37 [Ghemawat3,Dean4]: MapReduce+GFS [Bialecki5]: Hadoop+HDFS [Gu6]: Sphere+Sector [Tatebe4]: Gfarm [Chervenak4]: RLS, DRS [Kosar6]: Stork Conclusions None focused on the co-location of storage and generic black box computations with data-aware scheduling while operating in a dynamic elastic environment Swift + Falkon + Data Diffusion is arguably a more generic and powerful solution than MapReduce 37
38 Identified that data locality is crucial to the efficient use of large scale distributed systems for data-intensive applications Data Diffusion Integrated streamlined task dispatching with data aware scheduling policies Heuristics to maximize real world performance Suitable for varying, data-intensive workloads Proof of O(NM) Competitive Caching 38
39 Falkon is a real system Late 25: Initial prototype, AstroPortal January 27: Falkon v November 27: Globus incubator project v.1 February 29: Globus incubator project v.9 Implemented in Java (~2K lines of code) and C (~1K lines of code) Open source: svn co Source code contributors (beside myself) Yong Zhao, Zhao Zhang, Ben Clifford, Mihael Hategan [Globus7] Falkon: A Proposal for Project Globus Incubation 39
40 Workload 16K CPUs 1M tasks 6 sec per task 2 CPU years in 453 sec Throughput: 2312 tasks/sec 85% efficiency [TPDS9] Middleware Support for Many-Task Computing, under preparation 4
41 [TPDS9] Middleware Support for Many-Task Computing, under preparation 41
42 ACM MTAGS9 SC9 Due Date: August 1 st, 29 42
43 IEEE TPDS Journal Special Issue on MTC Due Date: December 1 st, 29 43
44 More information: Other publications: Falkon: Swift: Funding: NASA: Ames Research Center, GSRP DOE: Office of Advanced Scientific Computing Research, Office of Science, U.S. Dept. of Energy NSF: TeraGrid Relevant activities: ACM MTAGS9 Workshop at Supercomputing 29 Special Issue on MTC in IEEE TPDS Journal 44
NFS, GPFS, PVFS, Lustre Batch-scheduled systems: Clusters, Grids, and Supercomputers Programming paradigm: HPC, MTC, and HTC
Segregated storage and compute NFS, GPFS, PVFS, Lustre Batch-scheduled systems: Clusters, Grids, and Supercomputers Programming paradigm: HPC, MTC, and HTC Co-located storage and compute HDFS, GFS Data
More informationSynonymous with supercomputing Tightly-coupled applications Implemented using Message Passing Interface (MPI) Large of amounts of computing for short
Synonymous with supercomputing Tightly-coupled applications Implemented using Message Passing Interface (MPI) Large of amounts of computing for short periods of time Usually requires low latency interconnects
More informationTypically applied in clusters and grids Loosely-coupled applications with sequential jobs Large amounts of computing for long periods of times
Typically applied in clusters and grids Loosely-coupled applications with sequential jobs Large amounts of computing for long periods of times Measured in operations per month or years 2 Bridge the gap
More informationIoan Raicu.
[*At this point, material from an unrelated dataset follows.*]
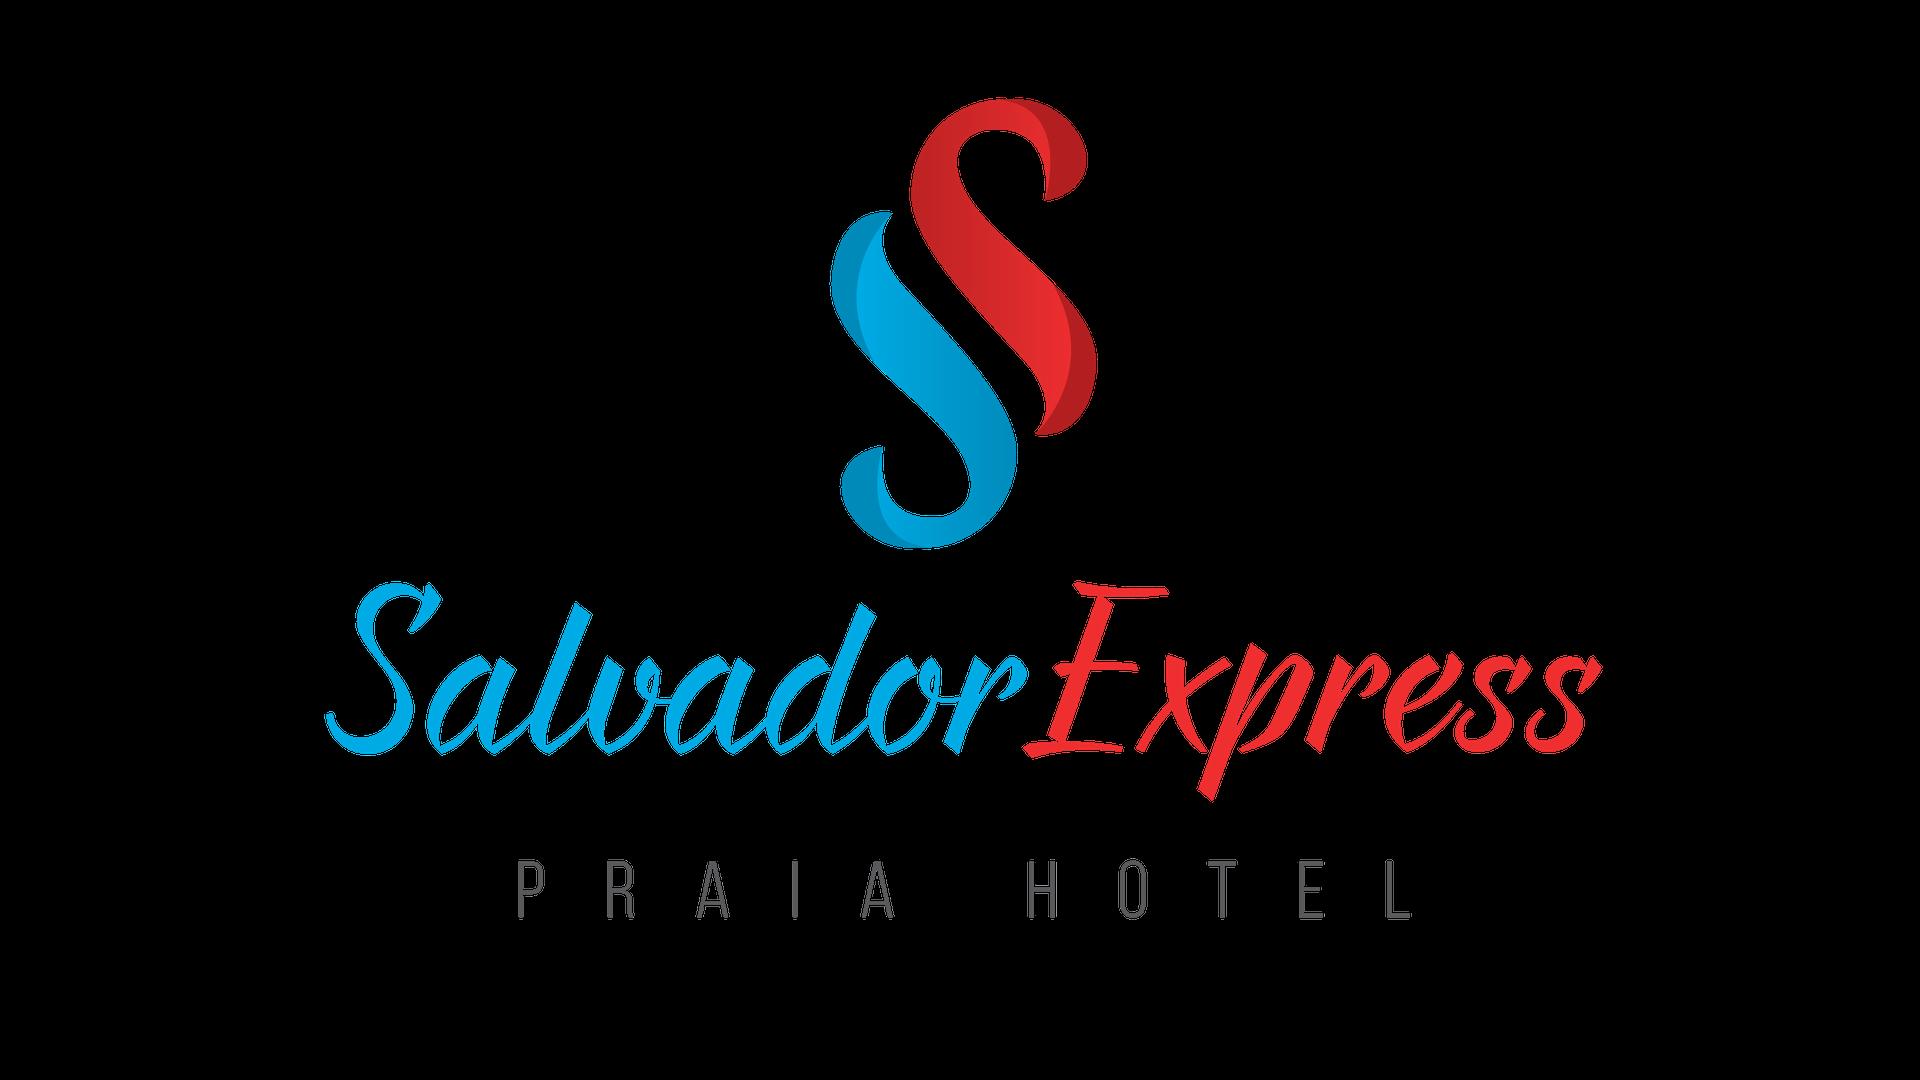 Salvador Express Praia Hotel

Distributed Systems Laboratory Computer Science Department University of Chicago
The Quest for Scalable Support of Data Intensive Applications in Distributed Systems Ioan Raicu Distributed Systems Laboratory Computer Science Department University of Chicago In Collaboration with: Ian
More informationIoan Raicu Distributed Systems Laboratory Computer Science Department University of Chicago
Running 1 Million Jobs in 10 Minutes via the Falkon Fast and Light-weight Ioan Raicu Distributed Systems Laboratory Computer Science Department University of Chicago In Collaboration with: Ian Foster,
More informationOverview Past Work Future Work. Motivation Proposal. Work-in-Progress
Overview Past Work Future Work Motivation Proposal Work-in-Progress 2 HPC: High-Performance Computing Synonymous with supercomputing Tightly-coupled applications Implemented using Message Passing Interface
More informationManaging and Executing Loosely-Coupled Large-Scale Applications on Clusters, Grids, and Supercomputers
Managing and Executing Loosely-Coupled Large-Scale Applications on Clusters, Grids, and Supercomputers Ioan Raicu Distributed Systems Laboratory Computer Science Department University of Chicago Collaborators:
More informationA Data Diffusion Approach to Large Scale Scientific Exploration
A Data Diffusion Approach to Large Scale Scientific Exploration Ioan Raicu Distributed Systems Laboratory Computer Science Department University of Chicago Joint work with: Yong Zhao: Microsoft Ian Foster:
More informationIoan Raicu Distributed Systems Laboratory Computer Science Department University of Chicago
Falkon, a Fast and Light-weight task execution framework for Clusters, Grids, and Supercomputers Ioan Raicu Distributed Systems Laboratory Computer Science Department University of Chicago In Collaboration
More informationThe Quest for Scalable Support of Data-Intensive Workloads in Distributed Systems
The Quest for Scalable Support of Data-Intensive Workloads in Distributed Systems Ioan Raicu, 1 Ian T. Foster, 1,2,3 Yong Zhao 4 Philip Little, 5 Christopher M. Moretti, 5 Amitabh Chaudhary, 5 Douglas
More informationMOHA: Many-Task Computing Framework on Hadoop
Apache: Big Data North America 2017 @ Miami MOHA: Many-Task Computing Framework on Hadoop Soonwook Hwang Korea Institute of Science and Technology Information May 18, 2017 Table of Contents Introduction
More informationIan Foster, An Overview of Distributed Systems
The advent of computation can be compared, in terms of the breadth and depth of its impact on research and scholarship, to the invention of writing and the development of modern mathematics. Ian Foster,
More informationArguably one of the most fundamental discipline that touches all other disciplines and people
The scientific and mathematical approach in information technology and computing Started in the 1960s from Mathematics or Electrical Engineering Today: Arguably one of the most fundamental discipline that
More informationIoan Raicu. Everyone else. More information at: Background? What do you want to get out of this course?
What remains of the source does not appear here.